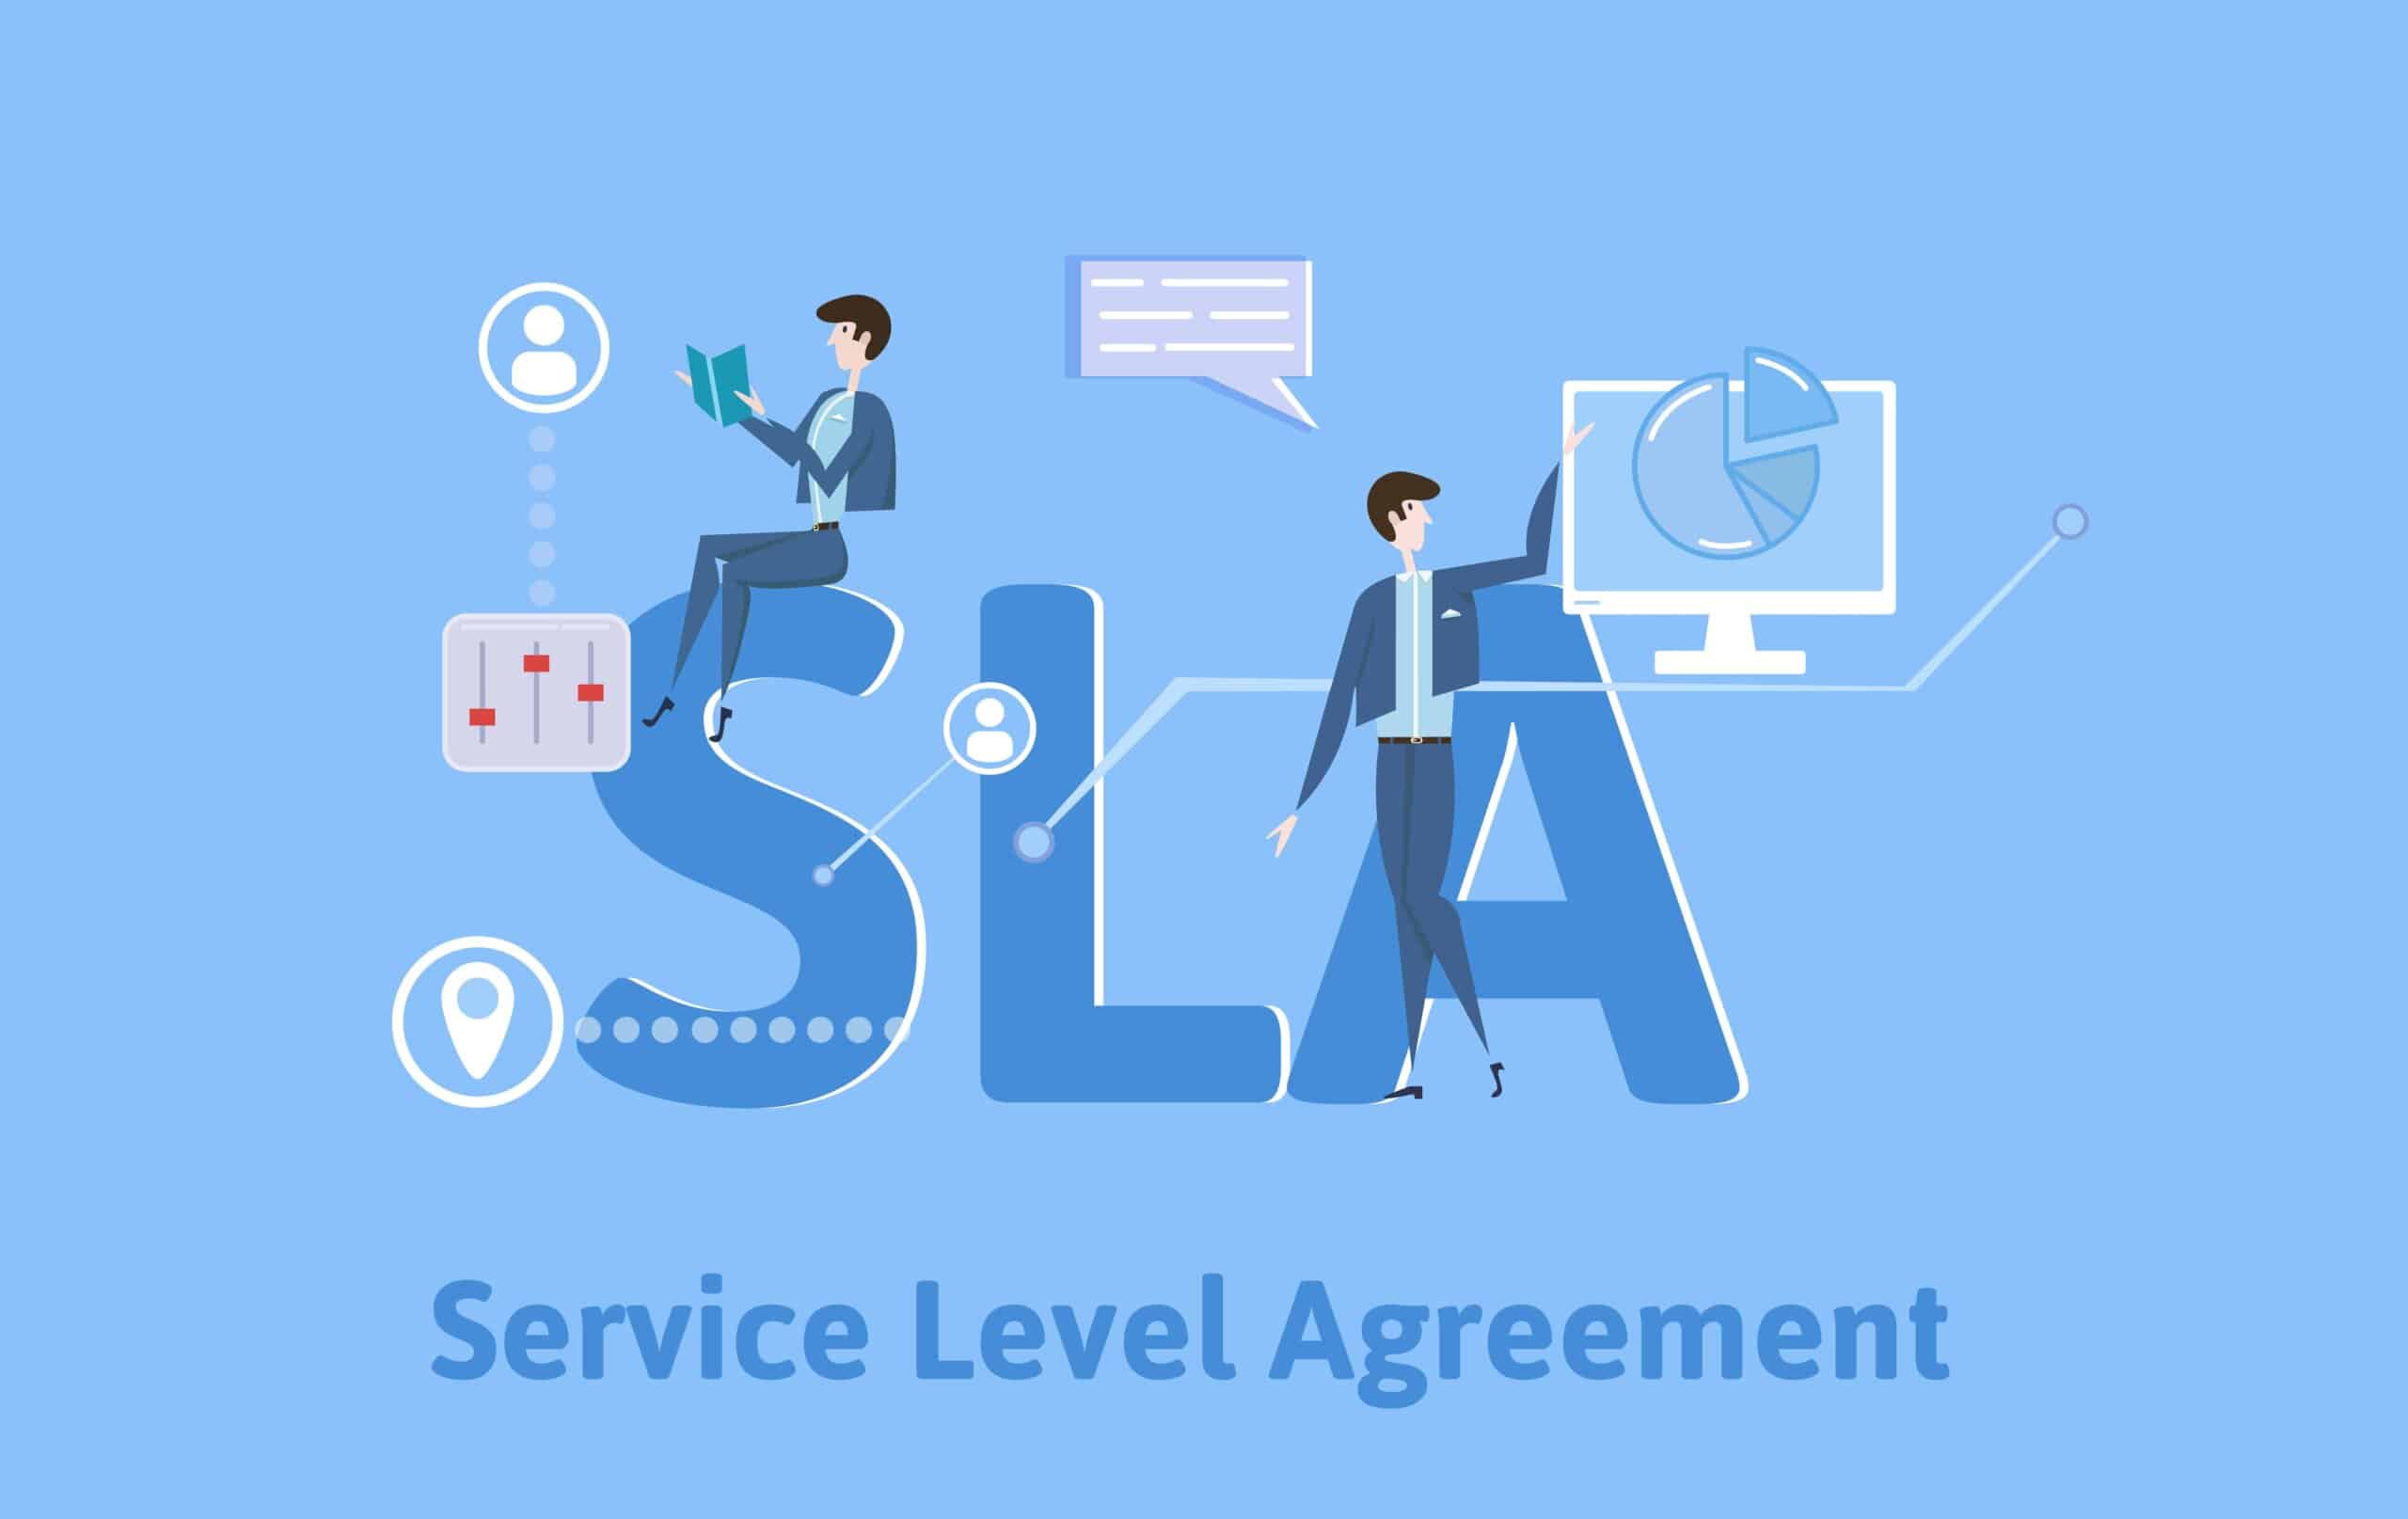 service level agreement graphic with business-related graphics.
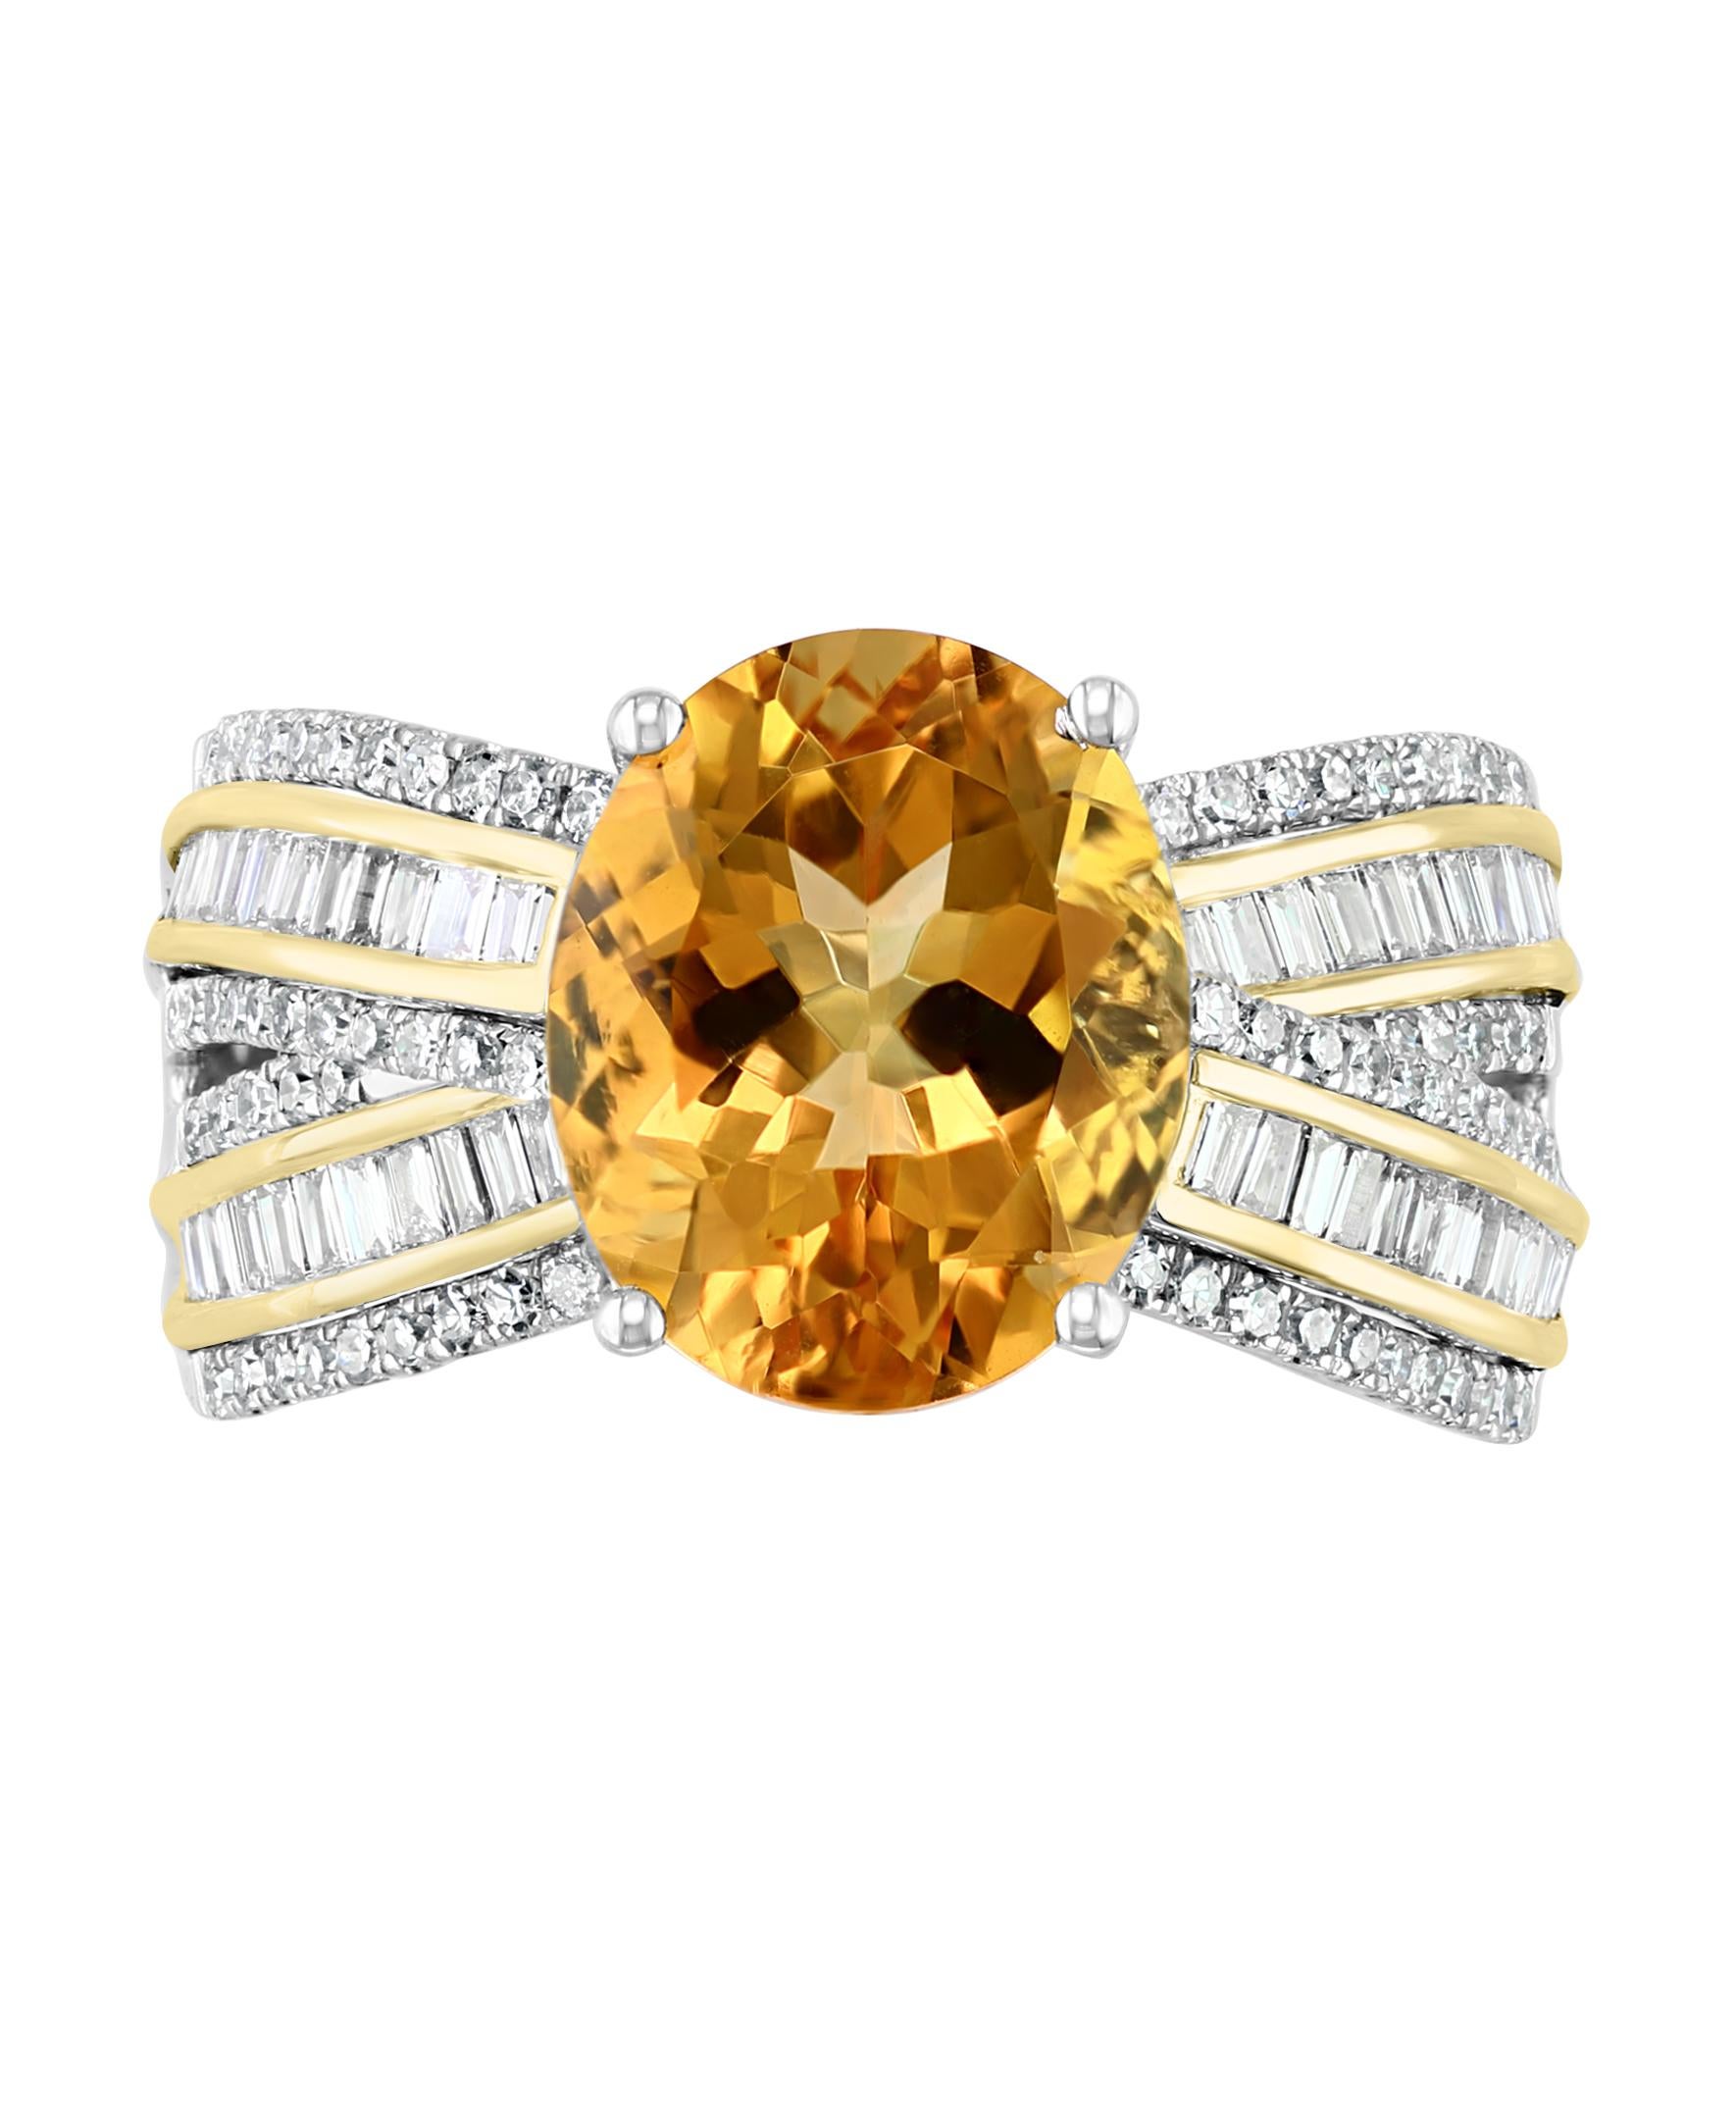 This Effy design ring is set in 14K white and yellow gold. 
The center stone is an oval shape Citrine and the weight is 3.20 ct.
The diamonds are baguette and round in shape and the total weight is 0.58 ct.
This ring is a sizable 7. 
The item number
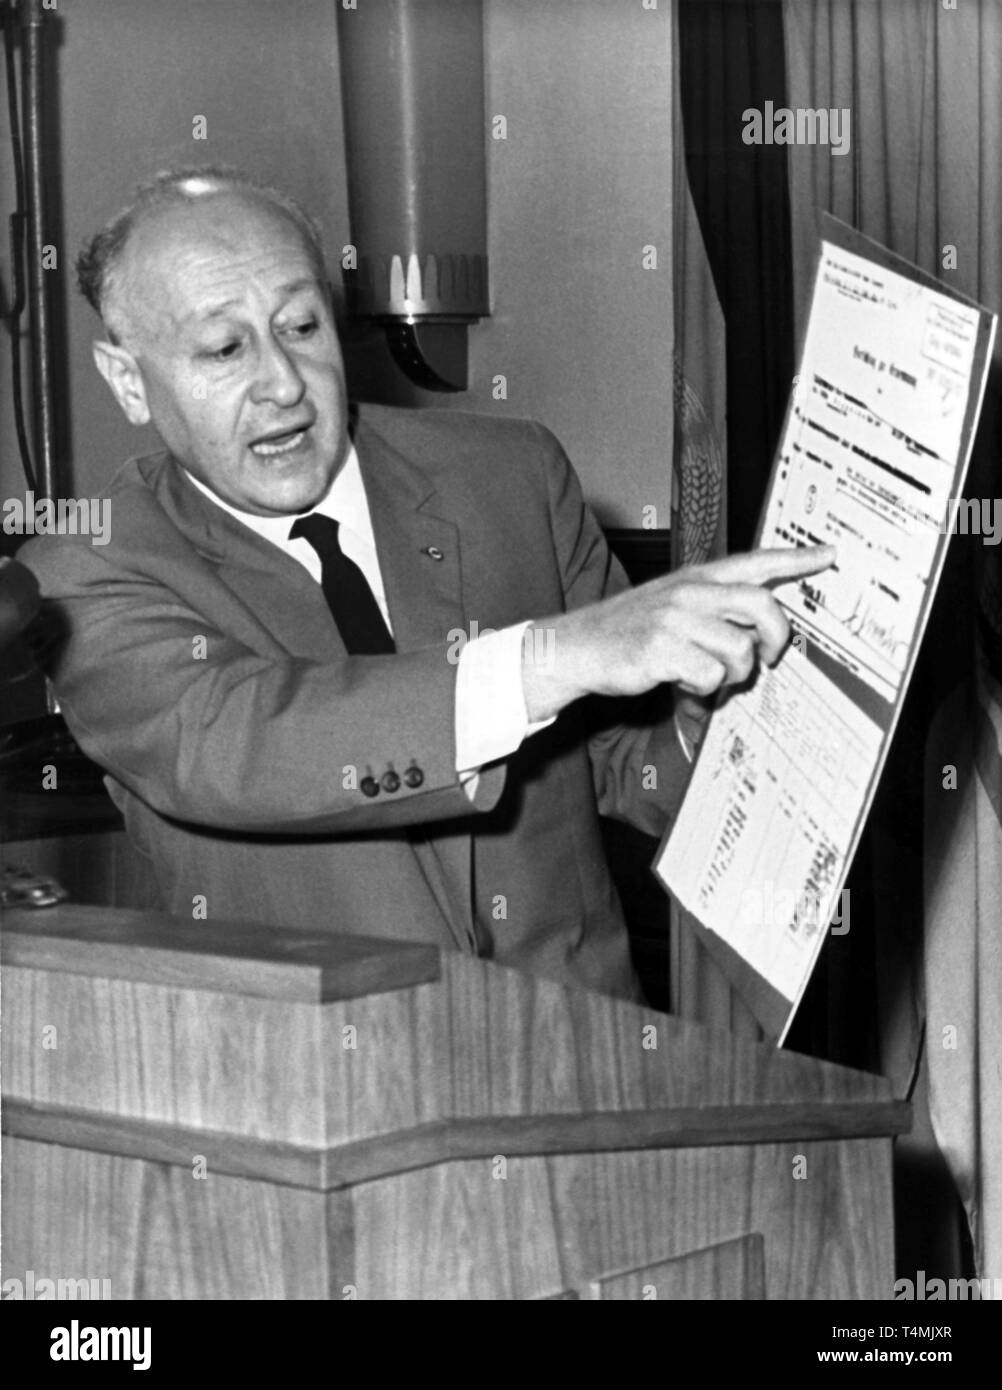 During a press conference on 31 August 1962, Albert Norden, member of the Politburo of the Central Committee of the SED and of the executive committee of the National Council of the National Front, presents documents which are to prove that former SS members hold high police offices in West Berlin. Norden had already published a book on war and Nazi criminals in 1956 which contains some 1800 biographies of former nazis and war criminals holding leading positions in West Germany. Photo: Schneider /ADN Zentralbild | usage worldwide Stock Photo

====

The problem =
Transcribe exactly the lines above, beginning at the one with "This Effy design" and going up to and including the one with "The item number". Pictures do not belong in the copy.

Output for this task =
 This Effy design ring is set in 14K white and yellow gold. 
The center stone is an oval shape Citrine and the weight is 3.20 ct.
The diamonds are baguette and round in shape and the total weight is 0.58 ct.
This ring is a sizable 7. 
The item number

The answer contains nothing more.